ーおかえりなさい。4月29日の川崎フロンターレ戦を前に喉の痛みがあったことでオンサイト検査を受けました。試合当日に言い出すのは勇気のいることだったと思いますし、すばらしい判断だったと思います。その時の気持ちを聞かせてください。

ありがとうございます。世界中が新型コロナウイルスによって苦しめられており、まだ明確ではない部分も多くあります。なにが一番大切なのか。そこに順位をつけるものではないと思います。その中で我々のようにサッカーの世界で生きている人間にとって、サッカーというものがあまりにも大事なものだと。なによりも大事なものがサッカー。
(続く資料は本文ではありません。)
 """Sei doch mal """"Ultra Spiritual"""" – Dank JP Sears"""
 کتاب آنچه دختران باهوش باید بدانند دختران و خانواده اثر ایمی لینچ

サッカーの人間として生きていくことは変わりませんが、ただ瞬間、瞬間で今はこのような世の中で、新型コロナウイルスとどう接していくか、どう暮らしていくか。そこは疎かにしてはいけないのかなと。今年に限ってはまだそういう状況だと、ということは絶対だと思います。正しい判断ができて良かったかなと。称賛していただいたことはありがたいですけど、試合当日だっただけに、そういった影響がゲームのほうに出てしまったのかなと。私も含めてチーム全体で「そうではいけなかった」という位置づけをしなければいけませんが、(影響が)出てしまったのは残念に思います。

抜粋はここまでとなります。